**GIVEN DATA**:
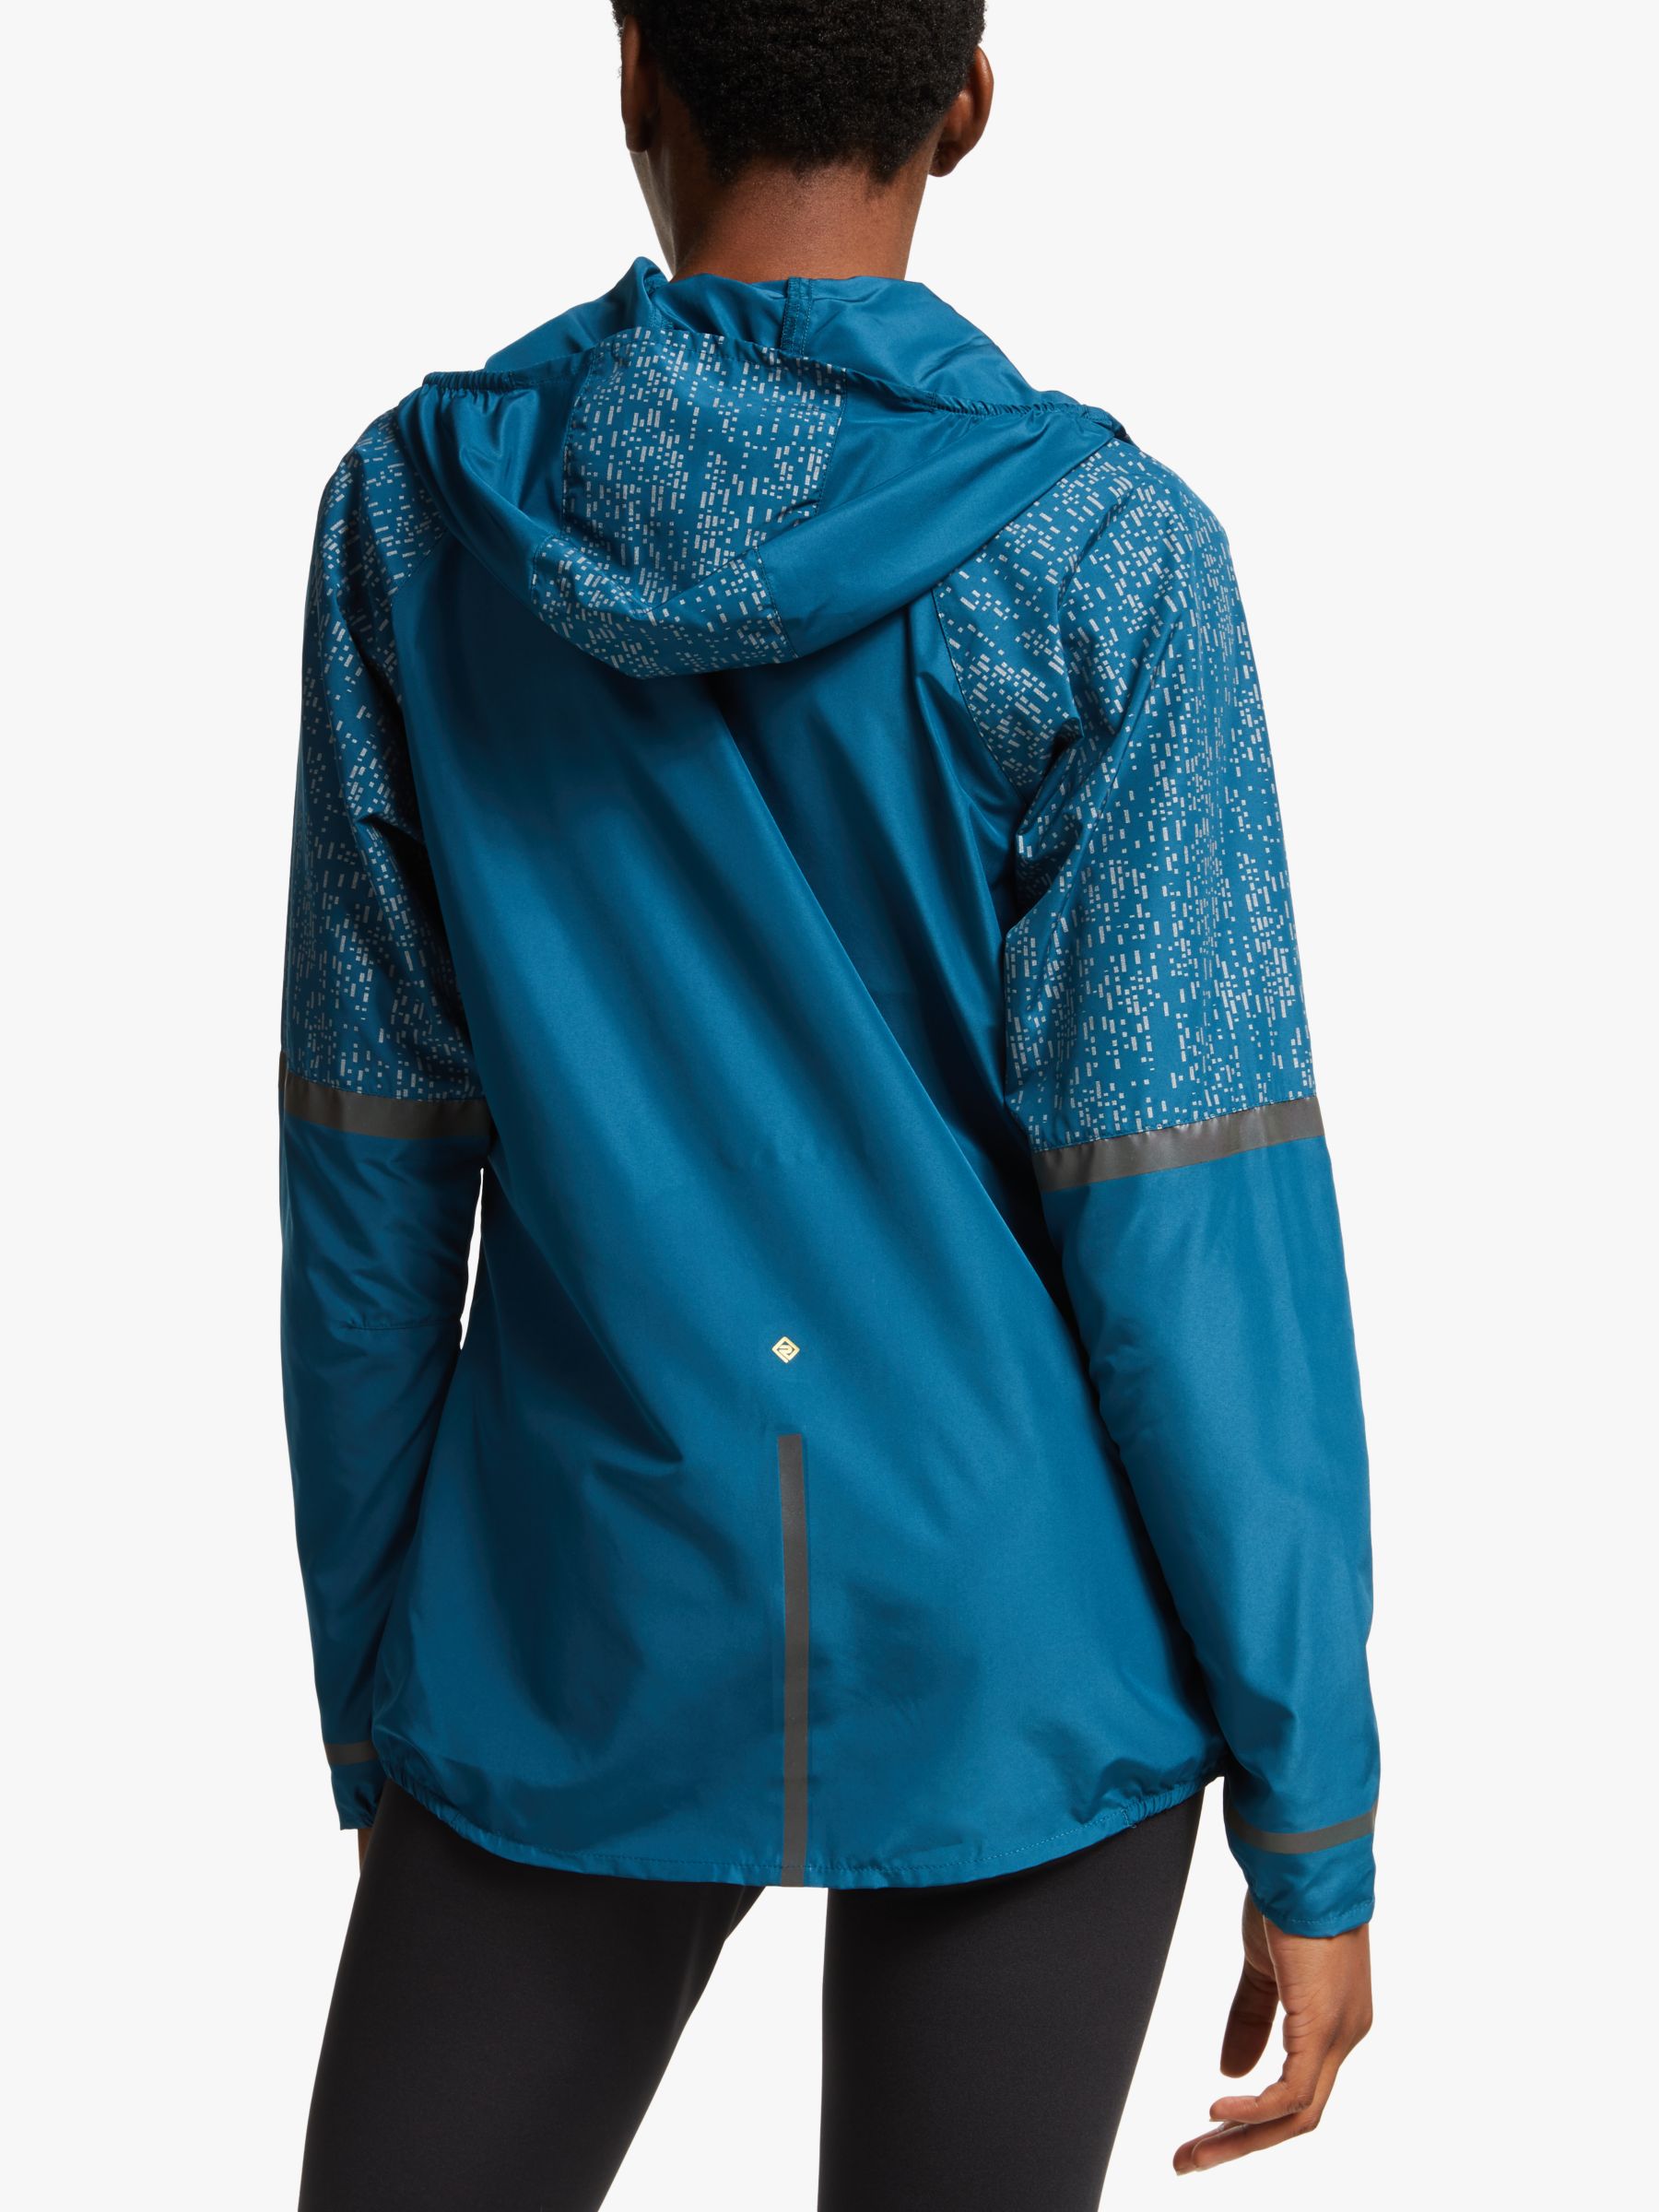 Ronhill Life Nightrunner Women's Running Jacket, Legion Blue/Reflect, 8
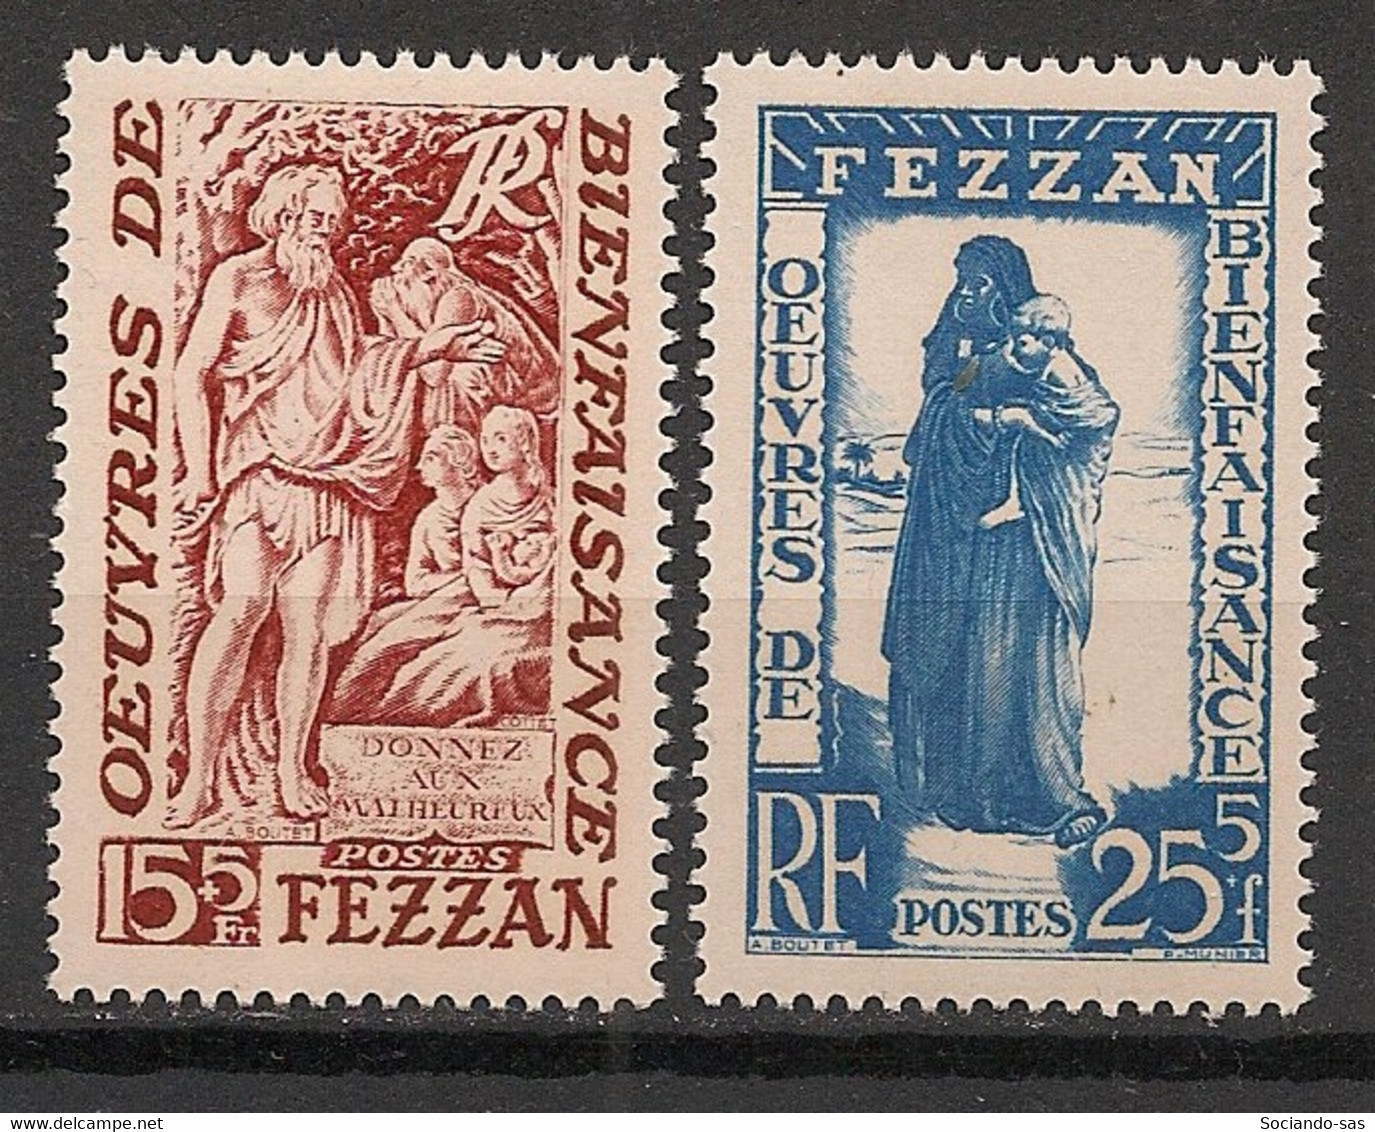 FEZZAN - 1950 - N°Yv. 54 à 55 - Série Complète - Neuf Luxe ** / MNH / Postfrisch - Nuevos
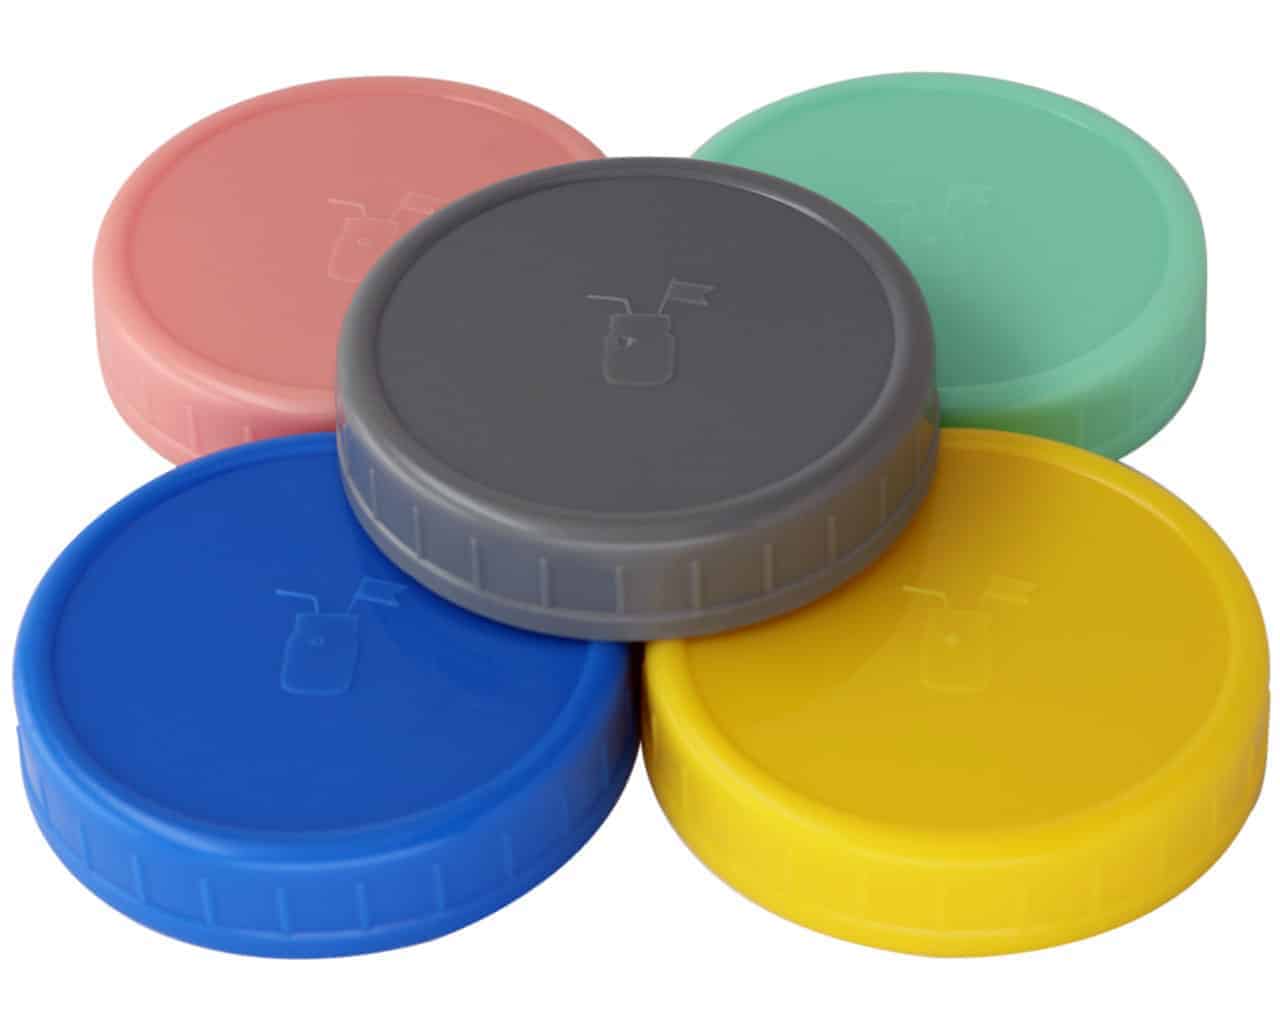 MJL Leak Proof Plastic Storage Lids for Mason Jars - Mason Jar Lifestyle

**EXERCISE REQUIREMENTS**:
Give back the full listing exactly, with pictures dropped.

**SOLUTION FOR THIS EXERCISE**:
 Ronhill Life Nightrunner Women's Running Jacket, Legion Blue/Reflect, 8
 FEZZAN - 1950 - N°Yv. 54 à 55 - Série Complète - Neuf Luxe ** / MNH / Postfrisch - Nuevos
 MJL Leak Proof Plastic Storage Lids for Mason Jars - Mason Jar Lifestyle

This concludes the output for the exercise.